Я быстро бросаю взгляд на людей Эфисио, некоторые из которых опираются на остатки старого Кадиллака прямо рядом с офисным зданием. Они кажутся расслабленными, но нельзя не заметить, что они все еще сжимают винтовки перед собой. Чтобы убедиться, что у меня есть беспрепятственный доступ к своему пистолету, засунутому за пояс, я расстегиваю пиджак и откидываюсь на стуле.

— У тебя есть неделя, чтобы завершить свои дела в Бостоне и уехать из города, Эфисио.

Старший поднимает брови и смеется.

— Посмотрите на этого гребаного парня. Должно быть, в тюрьме тебе разбивали голову сильнее, чем я думал.

Я стискиваю зубы, чтобы не послать пулю прямо в его уродливую рожу.

— Ты также прекратишь все свои дела с болгарами, — продолжаю я. — Мы с Кириллом уже говорили об этом.

— Не дождешься, грязный ублюдок! — рычит Эфисио, наклоняясь над столом.

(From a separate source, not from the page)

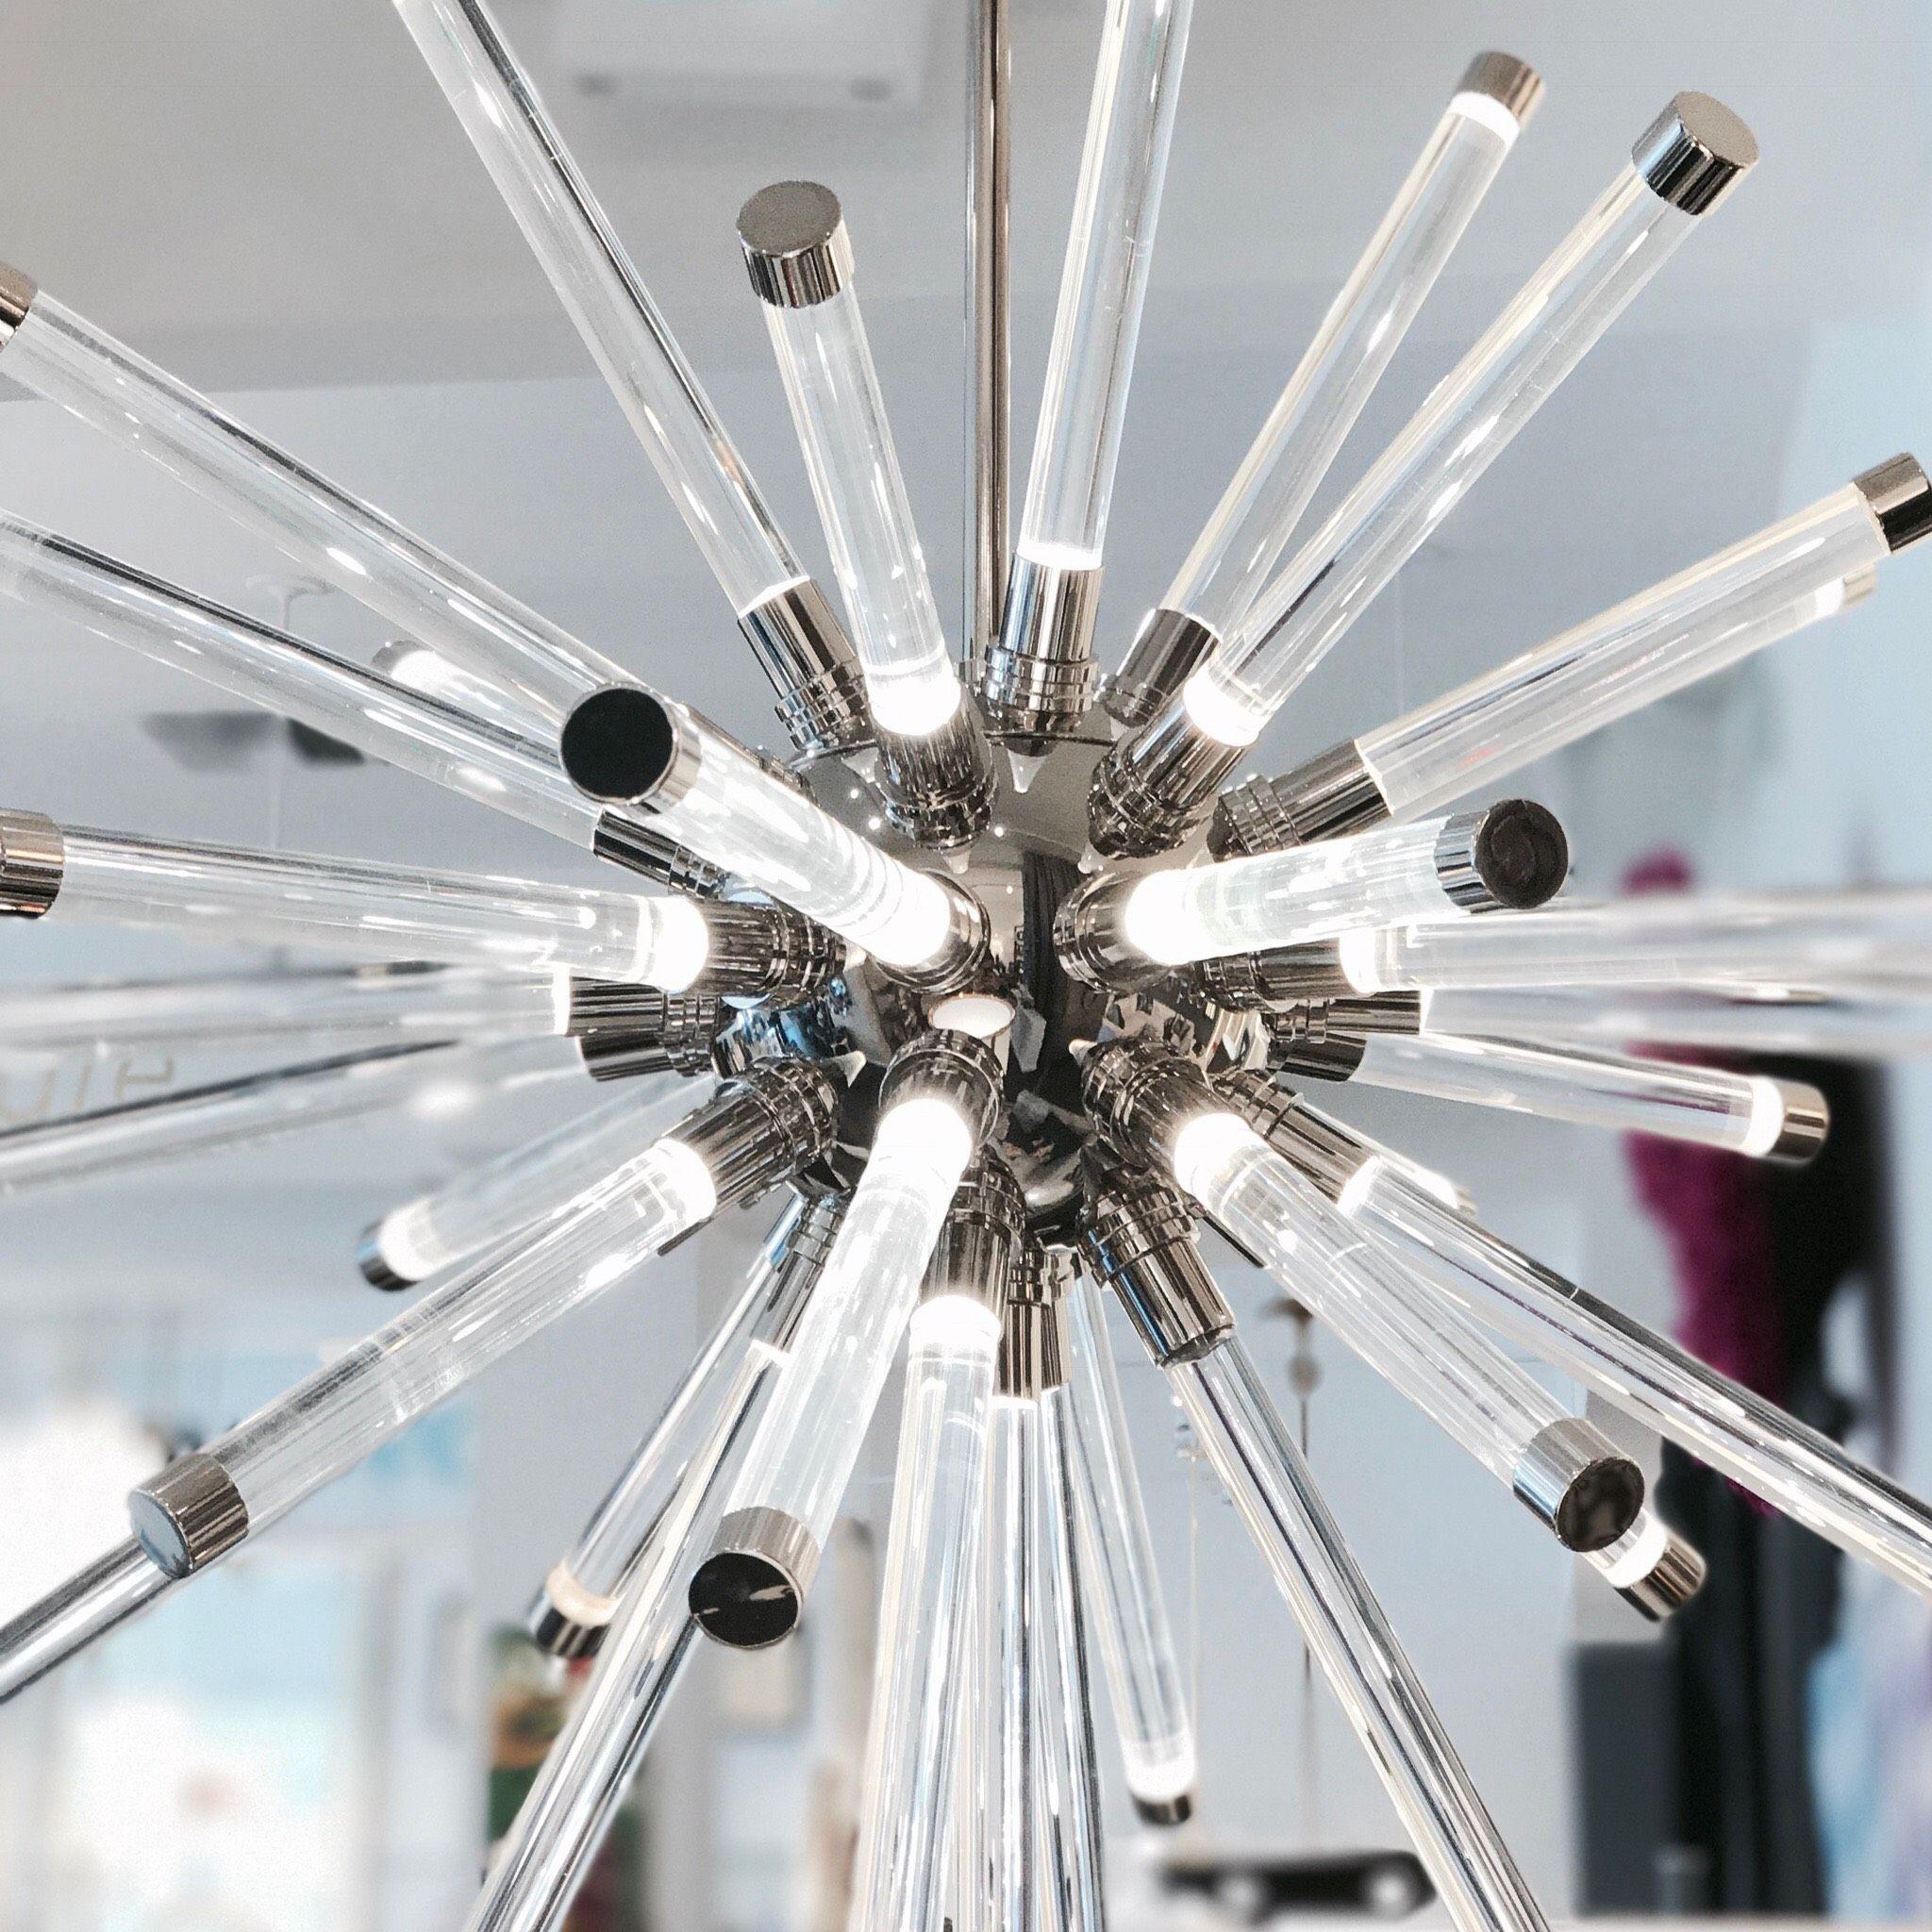 The Jonathan Adler Jacques Sputnik Chandelier is an exploding

Вокруг нас раздается звук взводимых пистолетов и винтовок, и в следующее мгновение почти дюжина стволов направлена в нашу сторону. Один из парней Эфисио целится в меня, но остальные направили свои прицелы на моих людей. Однако мои солдаты, включая Пеппе, все нацелились на Эфисио. Как им и было приказано.

Пронзительный звук звонящего телефона нарушает шаткую тишину, прерывая ворчание и тяжелое дыхание, которые были единственными звуками до этого момента.

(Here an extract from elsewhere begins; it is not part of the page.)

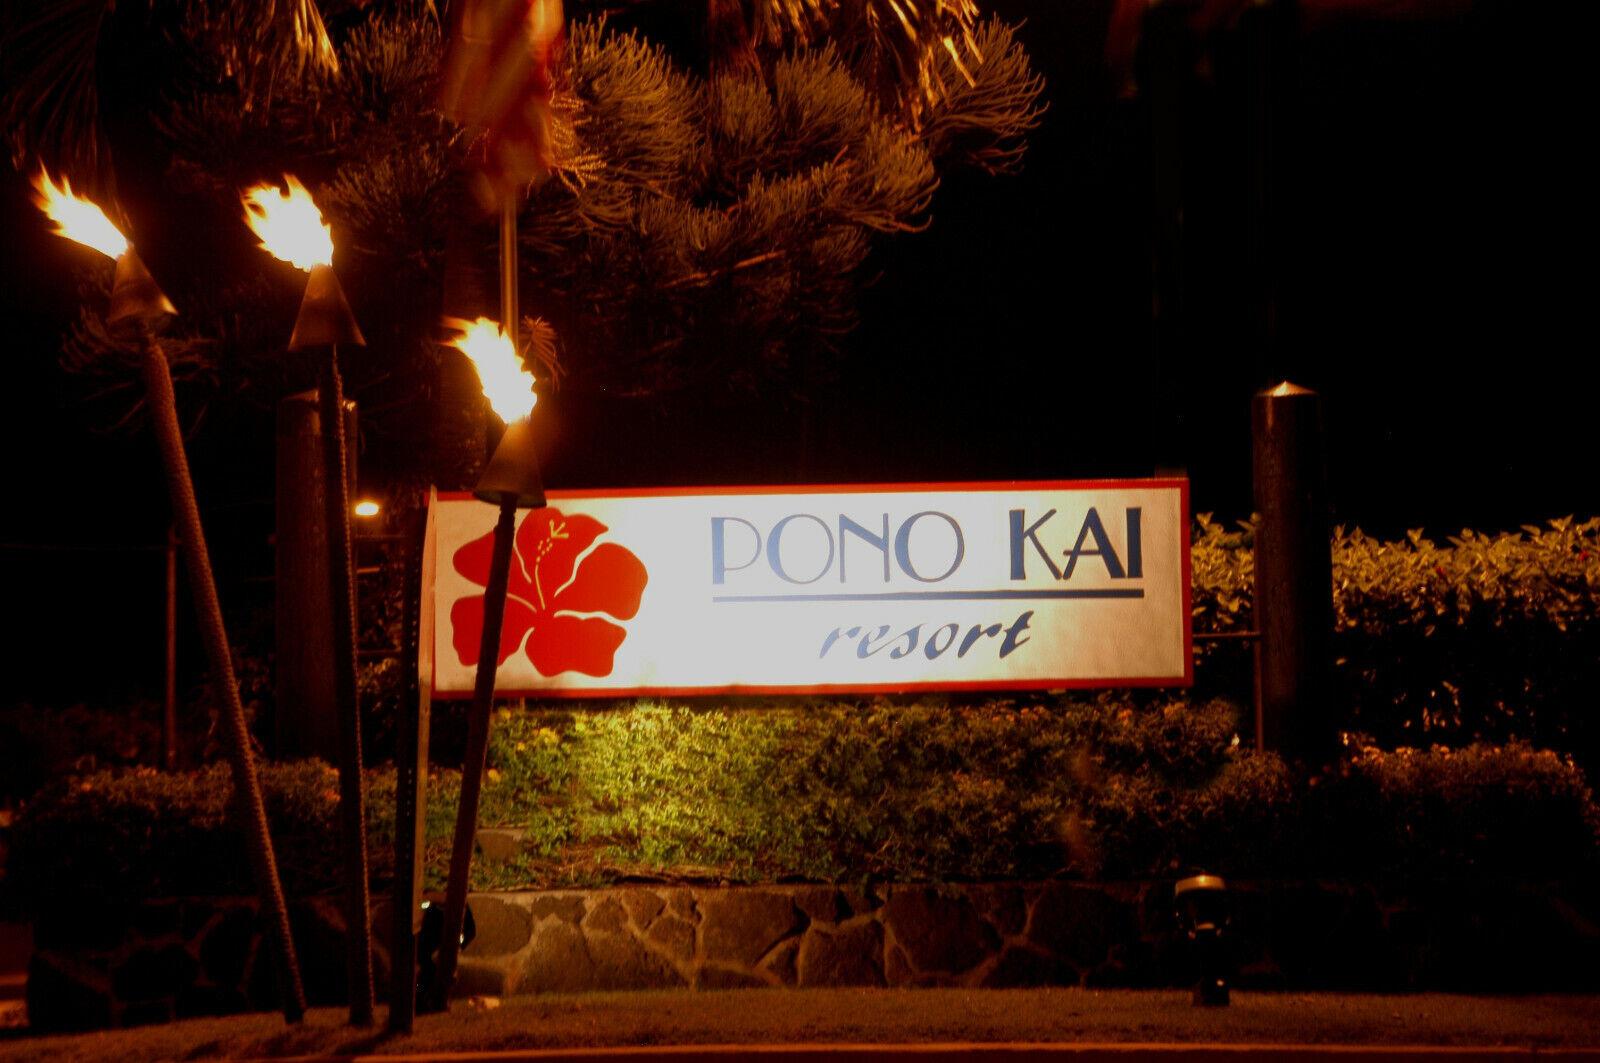 PONO KAI RESORT / BONUS 200 GIFT CARD / HAWAII VACATION DEEDED TIMESHARE  - $1.00

— Советую тебе ответить на этот звонок, — говорю я.

Эфисио фыркает, затем лезет в куртку, ни разу не отодвигая от меня пистолет. Когда он смотрит на экран, его лицо тут же теряет цвет. Его глаза переходят на мои.

— Мирабелла? — хрипит он в трубку. — Ты в порядке?

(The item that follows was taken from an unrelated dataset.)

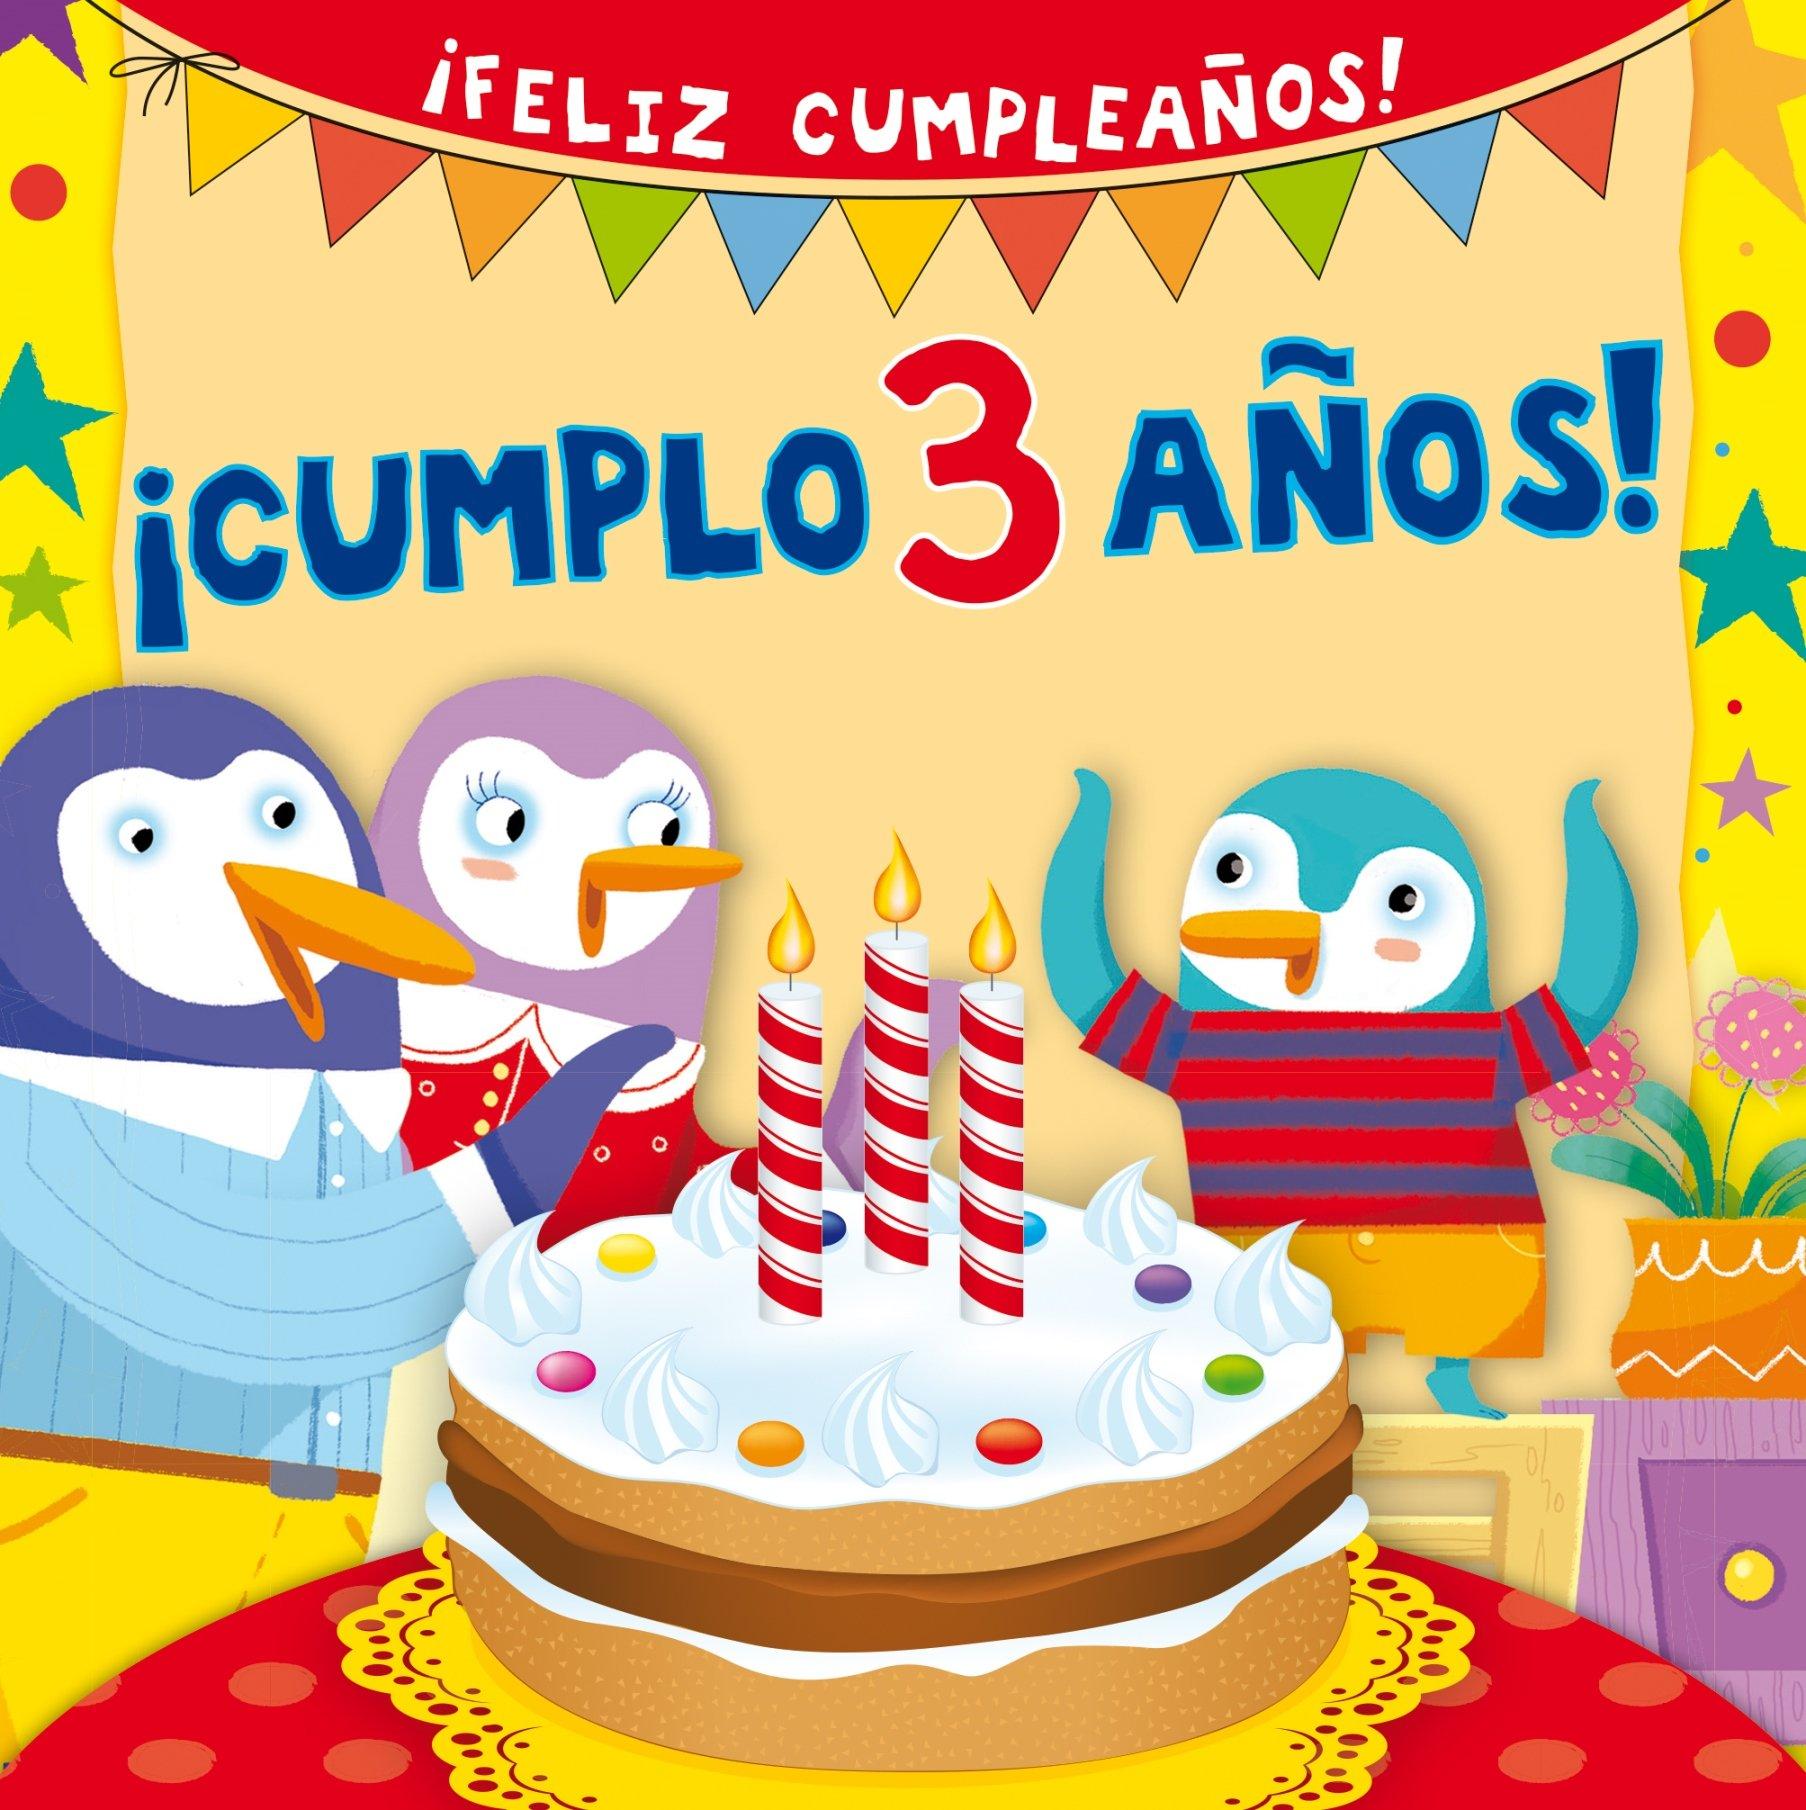 Cumplo 3 anos! (Spanish Edition): Silvia DAchille ...

Я не слышу, что говорят по ту сторону линии, но вижу, как лицо старика бледнеет еще больше.

— Все будет хорошо. Просто делай, как они говорят, и все будет в порядке. — Он обрывает линию и смотрит на меня со смесью ярости и ужаса в глазах. — Ты ублюдок! Она же всего лишь ребенок.

— Твоей племяннице двадцать. Столько же было моей сводной сестре, когда твой кузен Альвино похитил ее с намерением заставить выйти за него замуж. Она чуть не погибла в той неразберихе, которая за этим последовала.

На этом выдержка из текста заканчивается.